Страница 4 из 5
3
Спустившись в шахту, Юрий Даньков увидел, что горел метан. Горел газ-невидимка, без вкуса, цвета и запаха, лютый враг шахтеров. Он всегда сопутствует каменноугольным пластам, сочится из трещин и породы. В этот раз метан хлынул в шахту внезапно, подобно высокогорному озеру, прорвавшему плотину. Газ быстро смешался с кислородом, этого не успели заметить дозиметристы, и при взрыве аммонита метан вспыхнул.
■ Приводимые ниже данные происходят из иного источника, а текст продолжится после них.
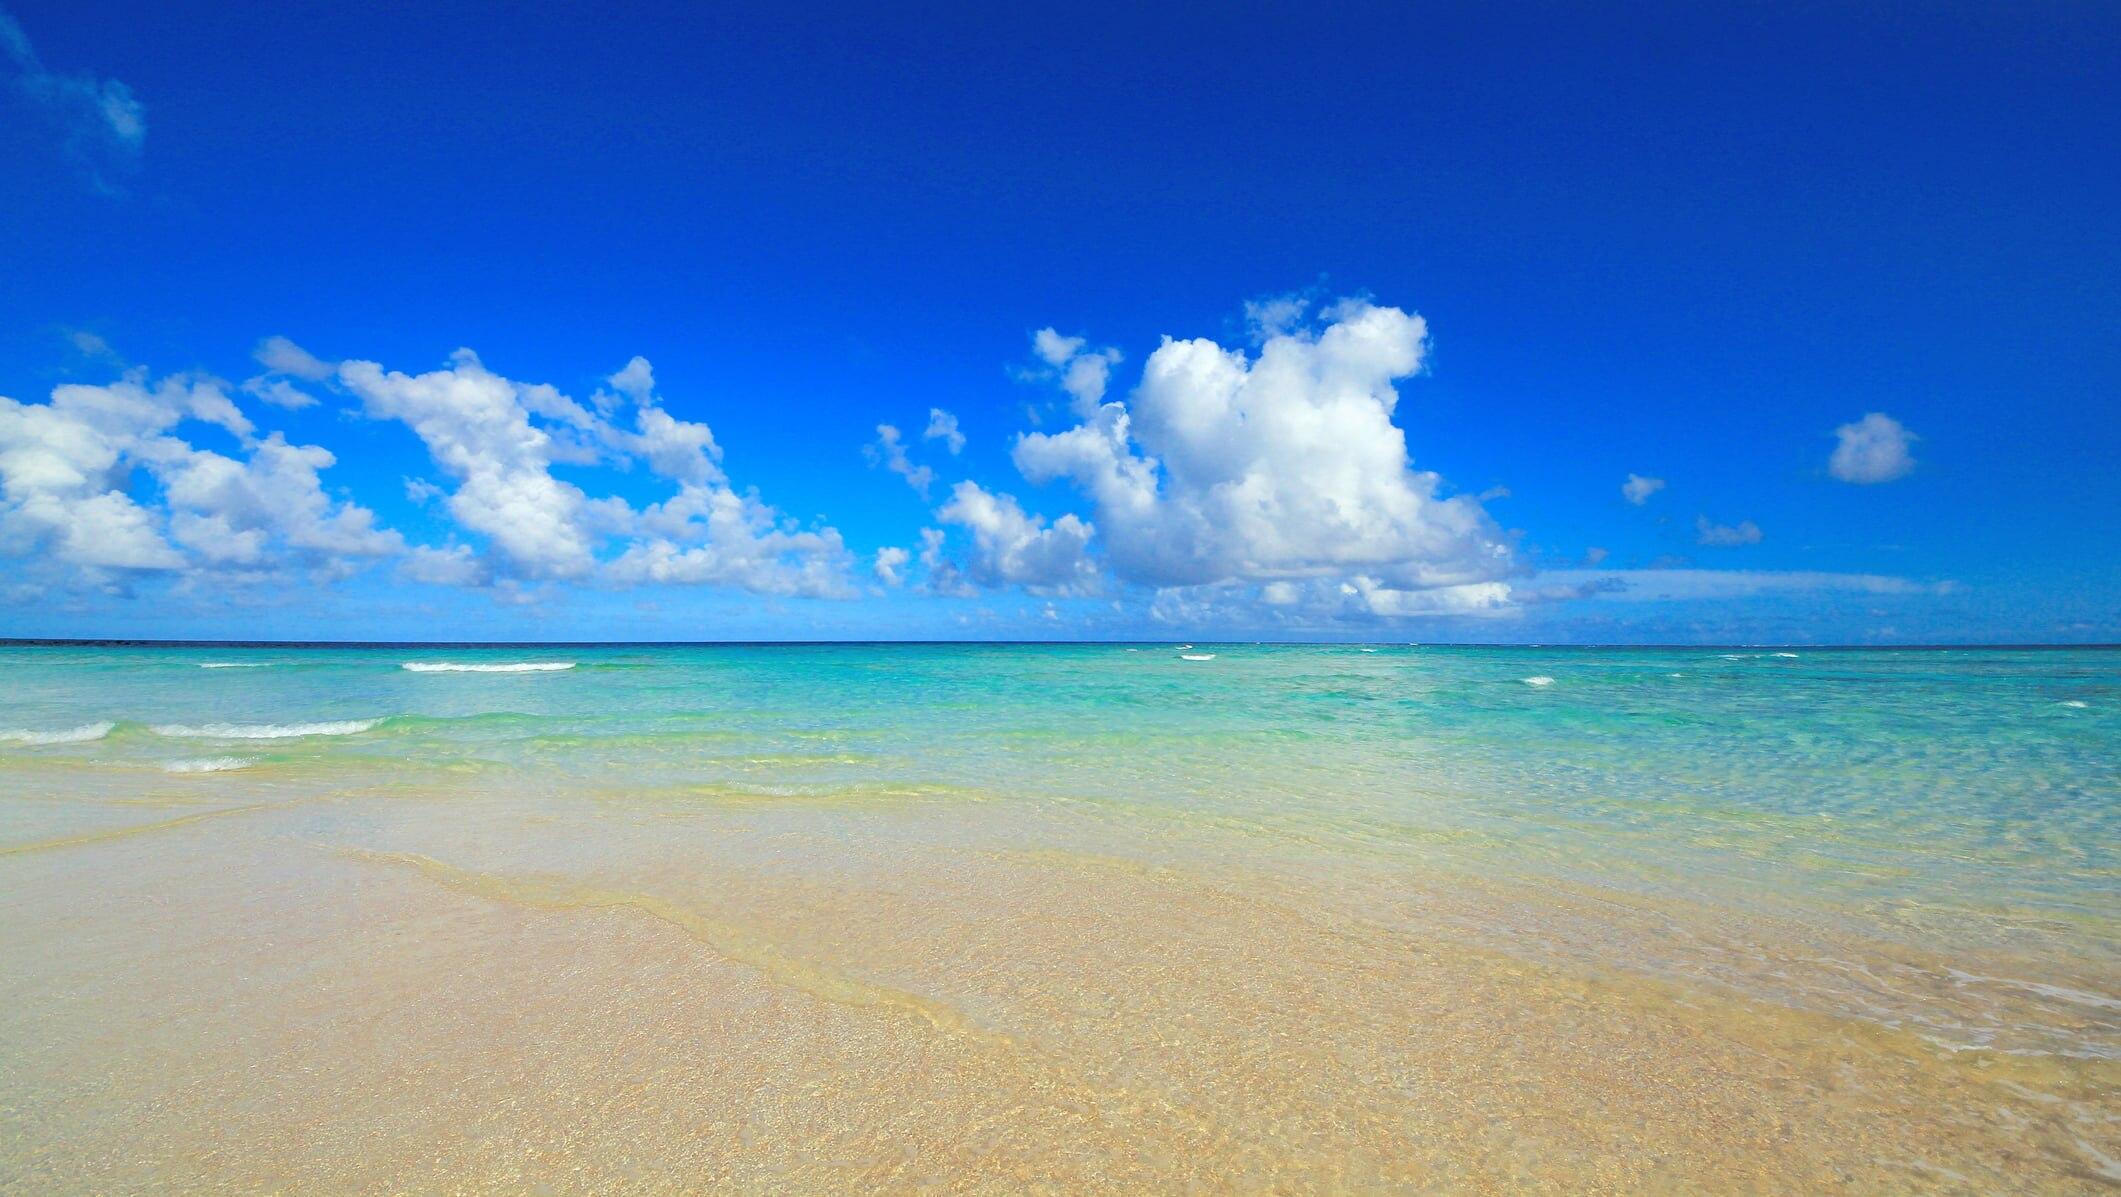 与論島を満喫する観光スポット15選!エメラルドグリーンの海に癒される旅

Бойцы, тесно прижавшись друг к другу, побежали по штреку навстречу пожару.
Жарко и дружно пылала деревянная крепь. Респираторы нагрелись, и горячий воздух стал обжигать горло. Всё жарче и жарче становилось в шахте. Уголь дымил, готовый вот-вот загореться. А это означало бы катастрофу…
— Шланги и огнетушители вперед! — крикнул Юрий.
Бойцы наставили брандспойты на огонь, ударили разом. Из огня яростно рванулся пар и заполнил всю шахту. Кто-то из бойцов кинулся вперед, на ходу расшвыривая пену из огнетушителя, но через минуту выскочил оттуда как ошпаренный.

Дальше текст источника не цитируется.